__Input data__:
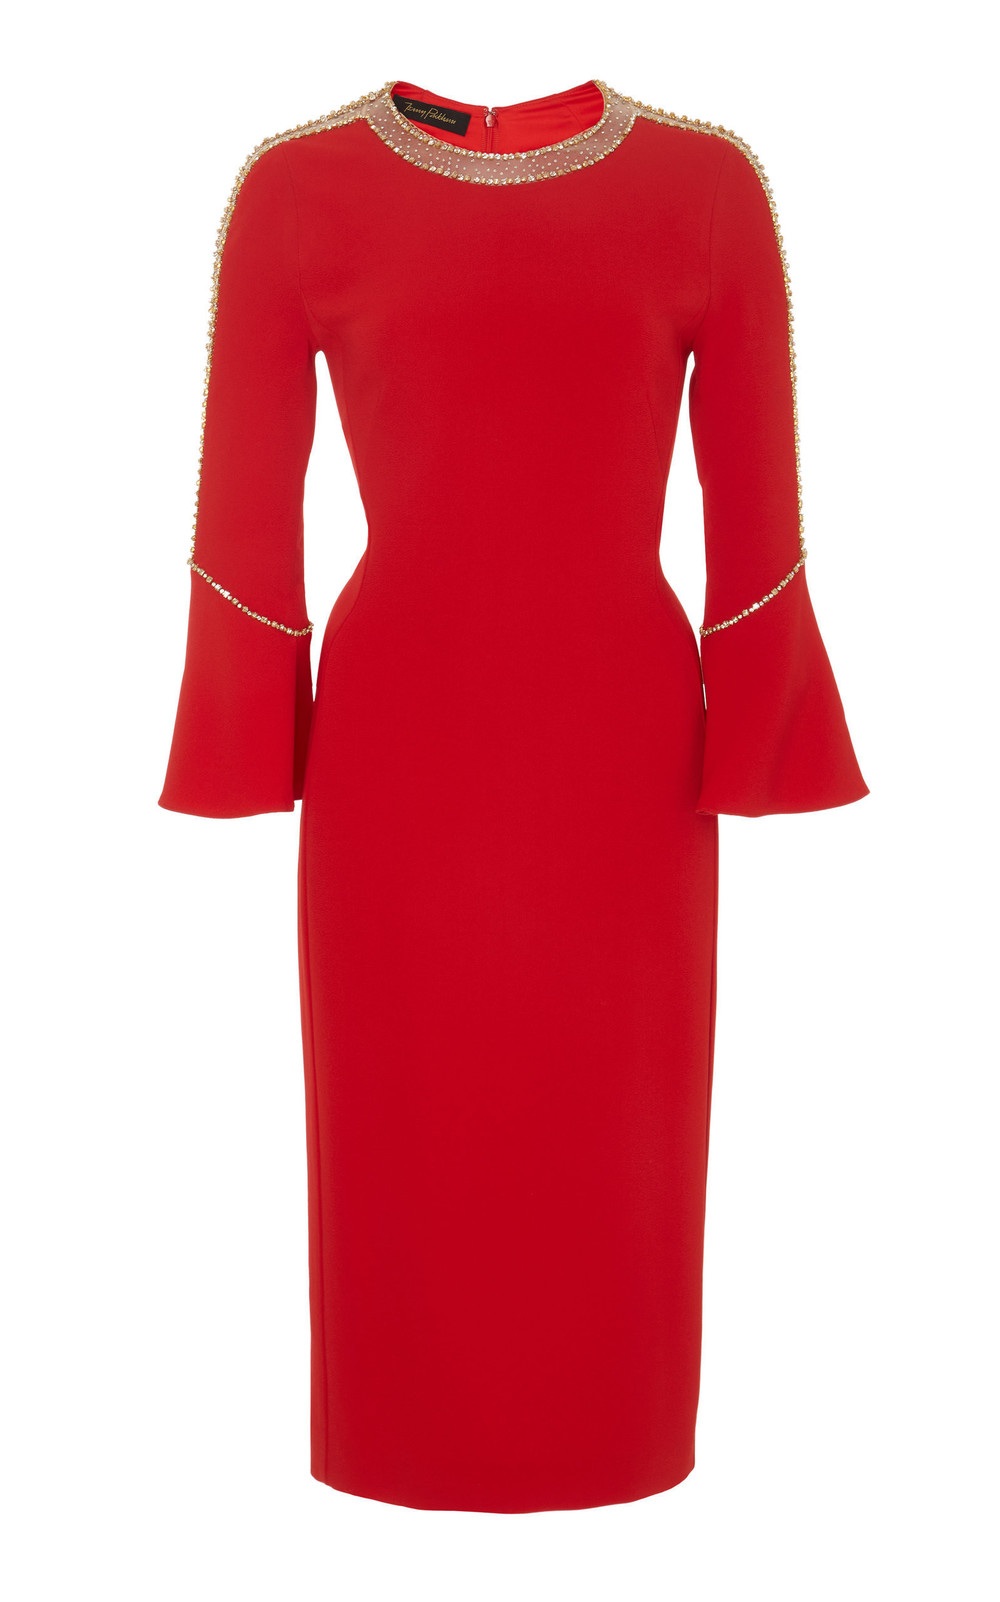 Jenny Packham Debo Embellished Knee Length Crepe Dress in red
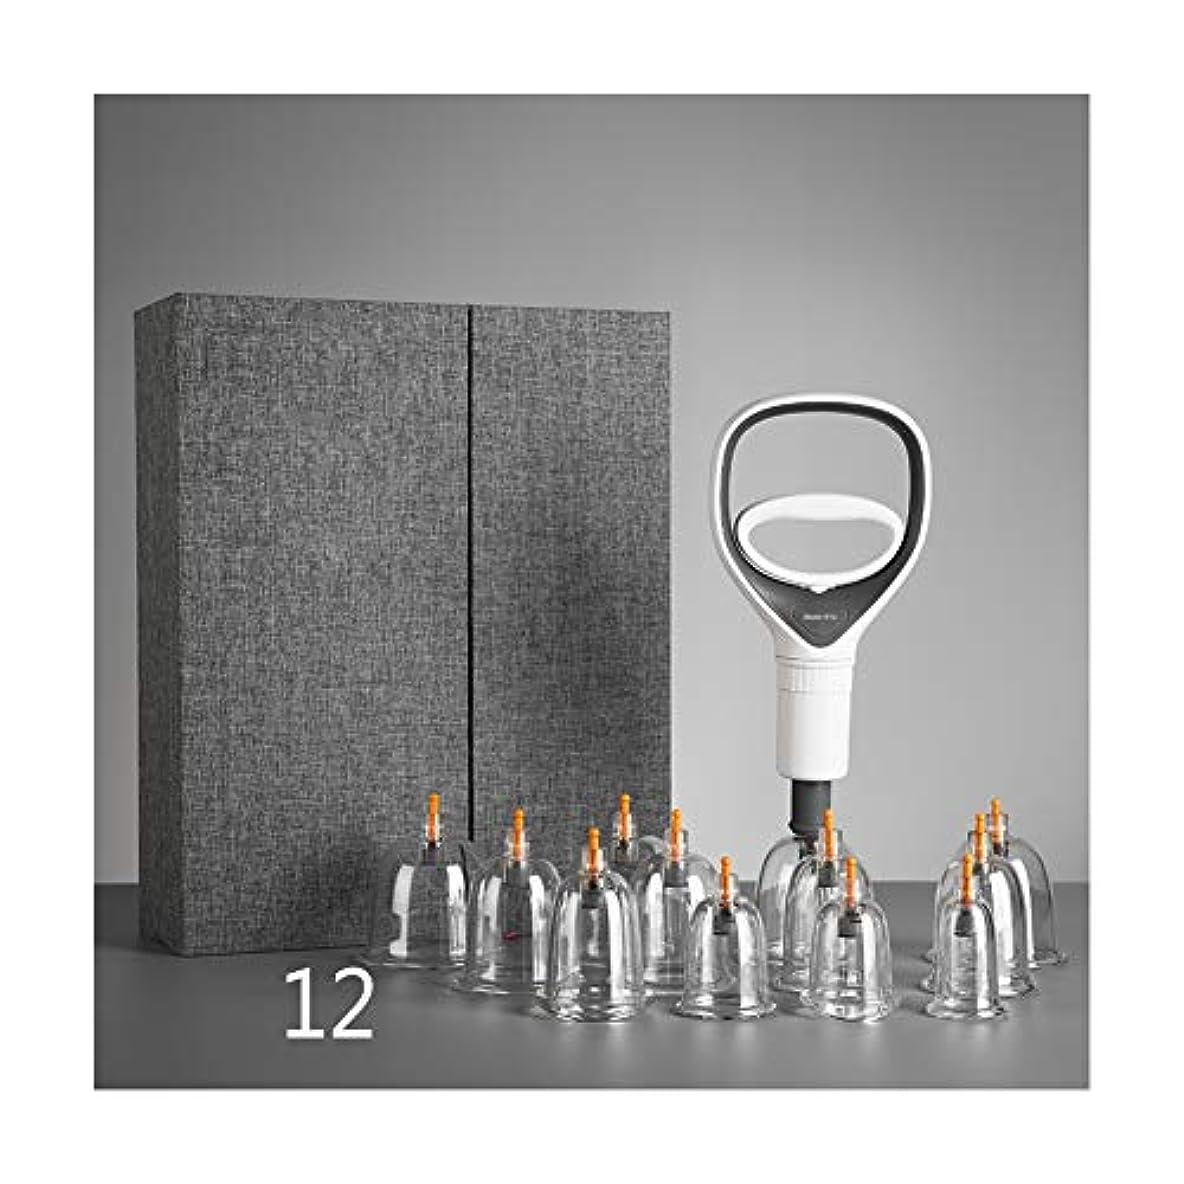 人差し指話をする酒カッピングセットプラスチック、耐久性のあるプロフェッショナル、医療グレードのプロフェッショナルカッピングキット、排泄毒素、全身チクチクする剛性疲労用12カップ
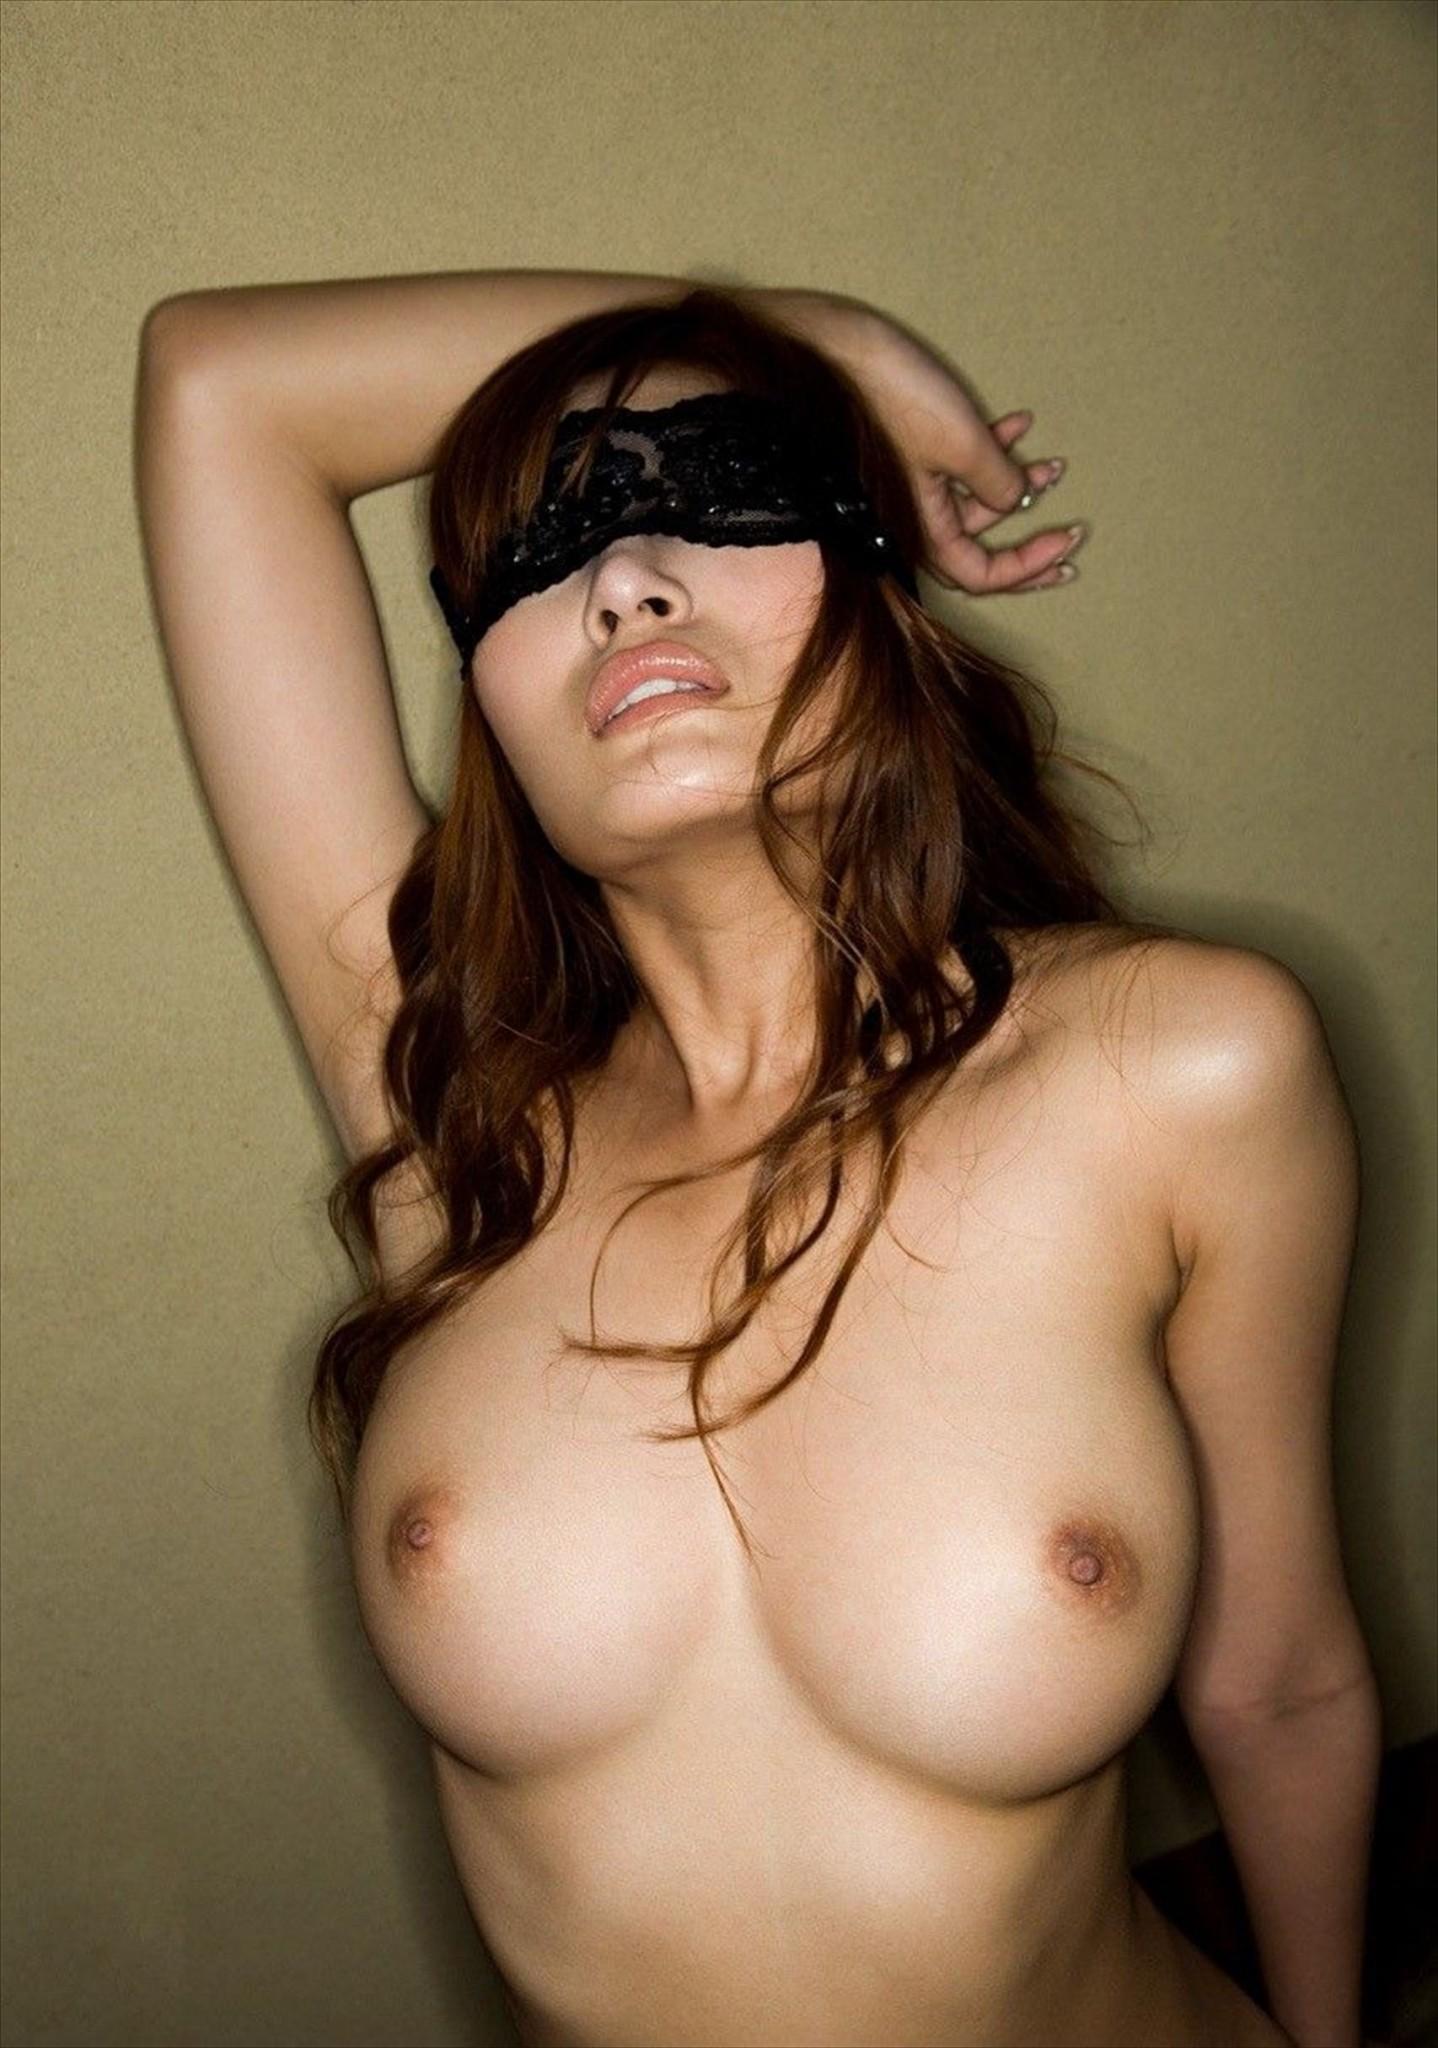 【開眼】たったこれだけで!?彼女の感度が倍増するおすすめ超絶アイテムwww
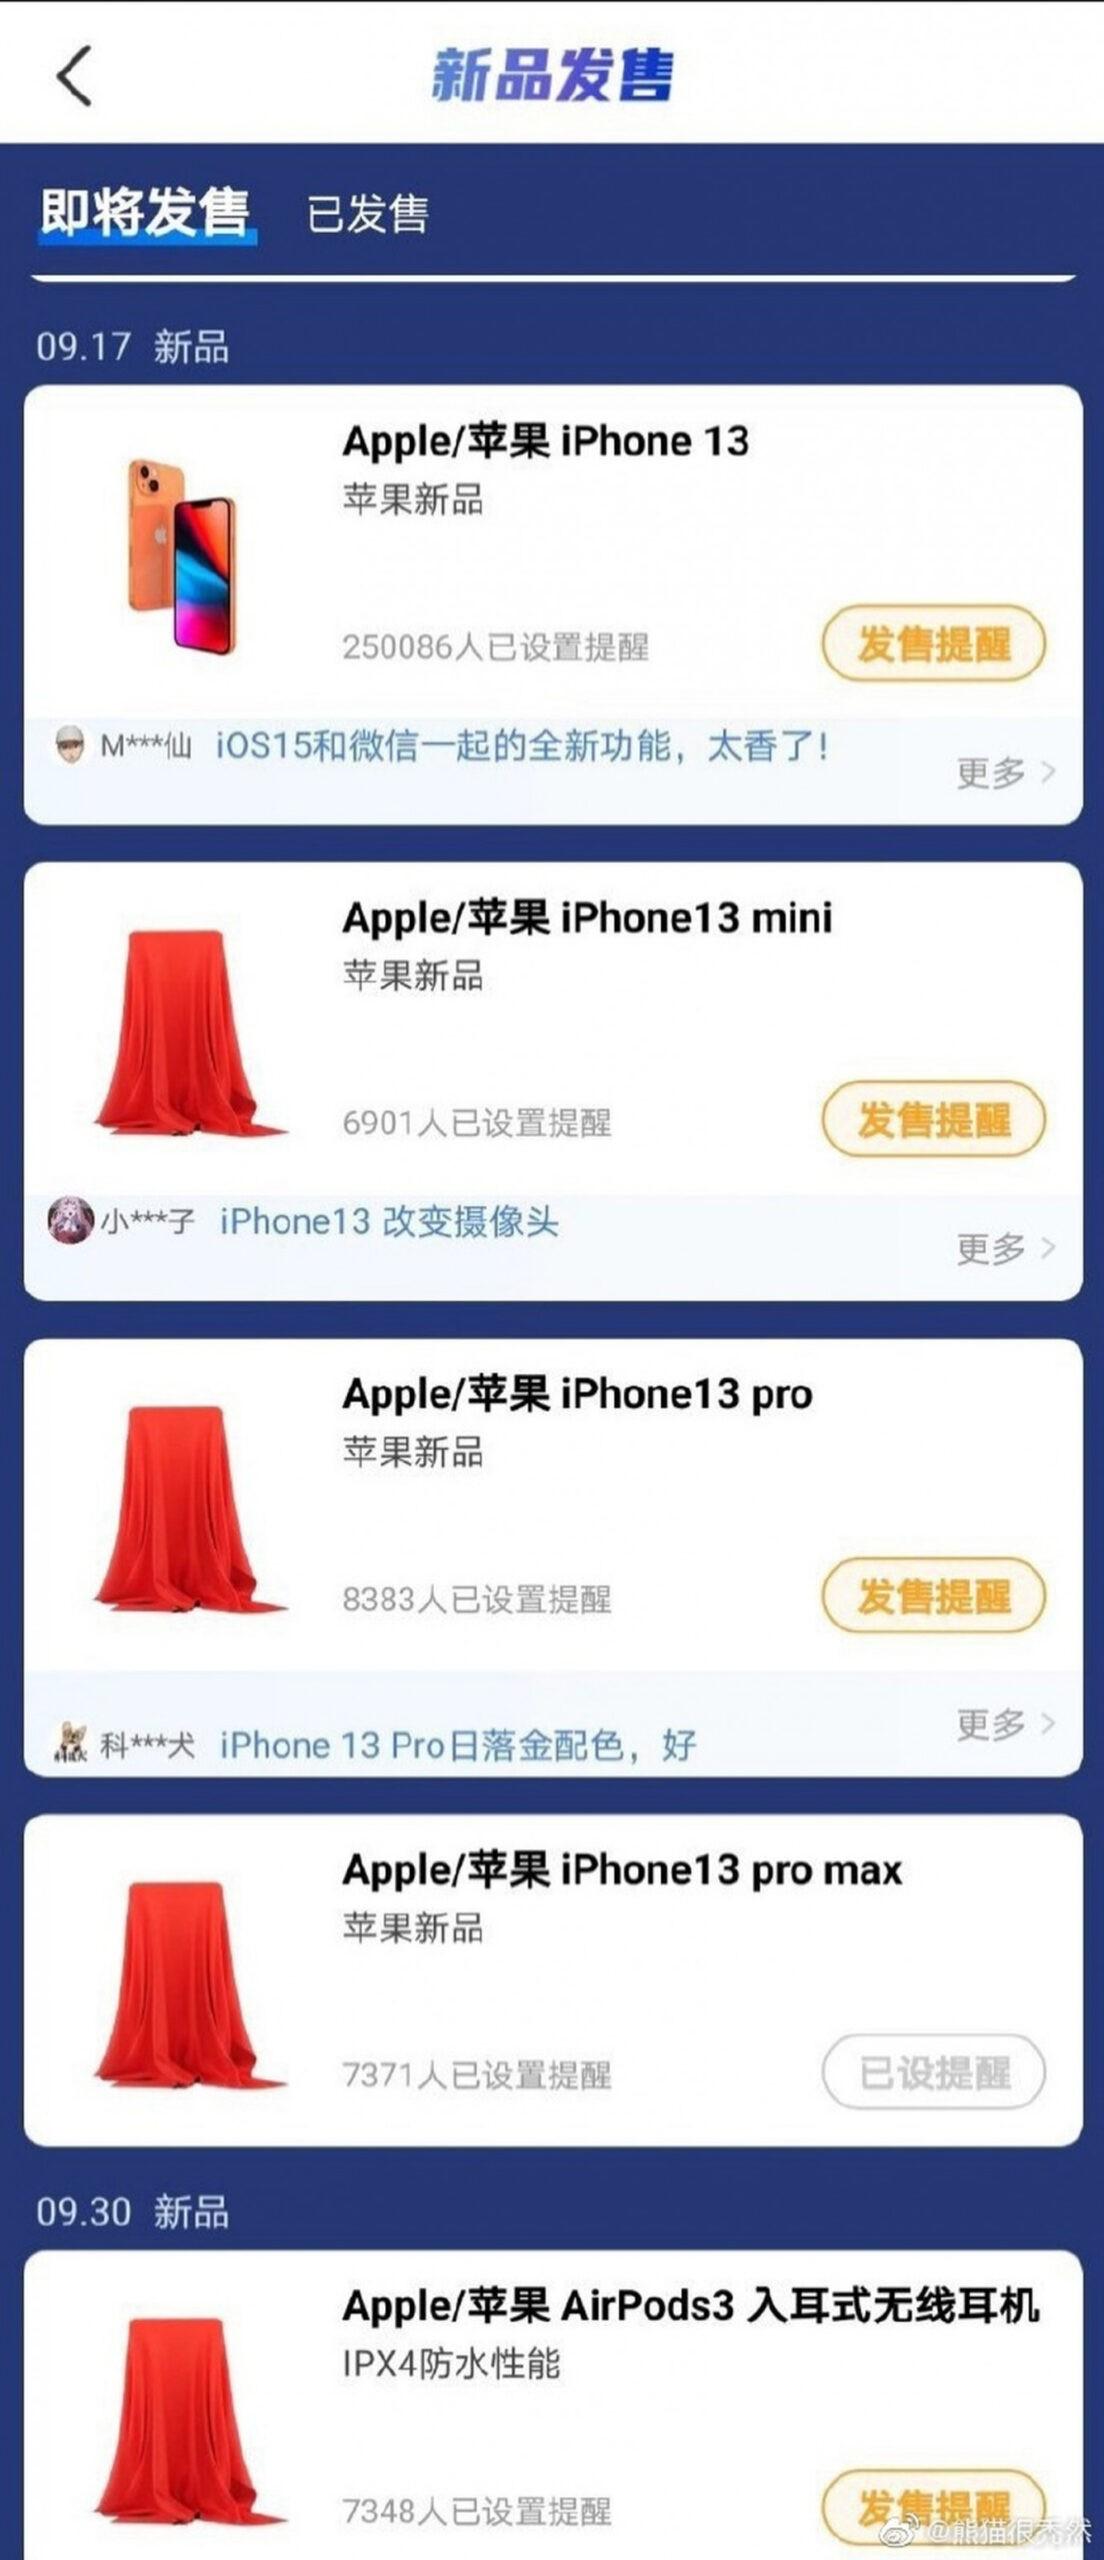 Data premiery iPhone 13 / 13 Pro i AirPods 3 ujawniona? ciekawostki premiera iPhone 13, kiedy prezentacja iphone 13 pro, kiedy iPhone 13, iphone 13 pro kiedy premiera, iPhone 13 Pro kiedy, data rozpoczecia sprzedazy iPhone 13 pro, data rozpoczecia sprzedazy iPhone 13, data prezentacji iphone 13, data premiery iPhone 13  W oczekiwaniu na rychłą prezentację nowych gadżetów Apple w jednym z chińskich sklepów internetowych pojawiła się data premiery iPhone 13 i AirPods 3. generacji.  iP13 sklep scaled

__Task item__:
Omit the pictures and repeat the rest of the listing verbatim.

__Response area__:
 Jenny Packham Debo Embellished Knee Length Crepe Dress in red
 人差し指話をする酒カッピングセットプラスチック、耐久性のあるプロフェッショナル、医療グレードのプロフェッショナルカッピングキット、排泄毒素、全身チクチクする剛性疲労用12カップ
 【開眼】たったこれだけで!?彼女の感度が倍増するおすすめ超絶アイテムwww
 Data premiery iPhone 13 / 13 Pro i AirPods 3 ujawniona? ciekawostki premiera iPhone 13, kiedy prezentacja iphone 13 pro, kiedy iPhone 13, iphone 13 pro kiedy premiera, iPhone 13 Pro kiedy, data rozpoczecia sprzedazy iPhone 13 pro, data rozpoczecia sprzedazy iPhone 13, data prezentacji iphone 13, data premiery iPhone 13  W oczekiwaniu na rychłą prezentację nowych gadżetów Apple w jednym z chińskich sklepów internetowych pojawiła się data premiery iPhone 13 i AirPods 3. generacji.  iP13 sklep scaled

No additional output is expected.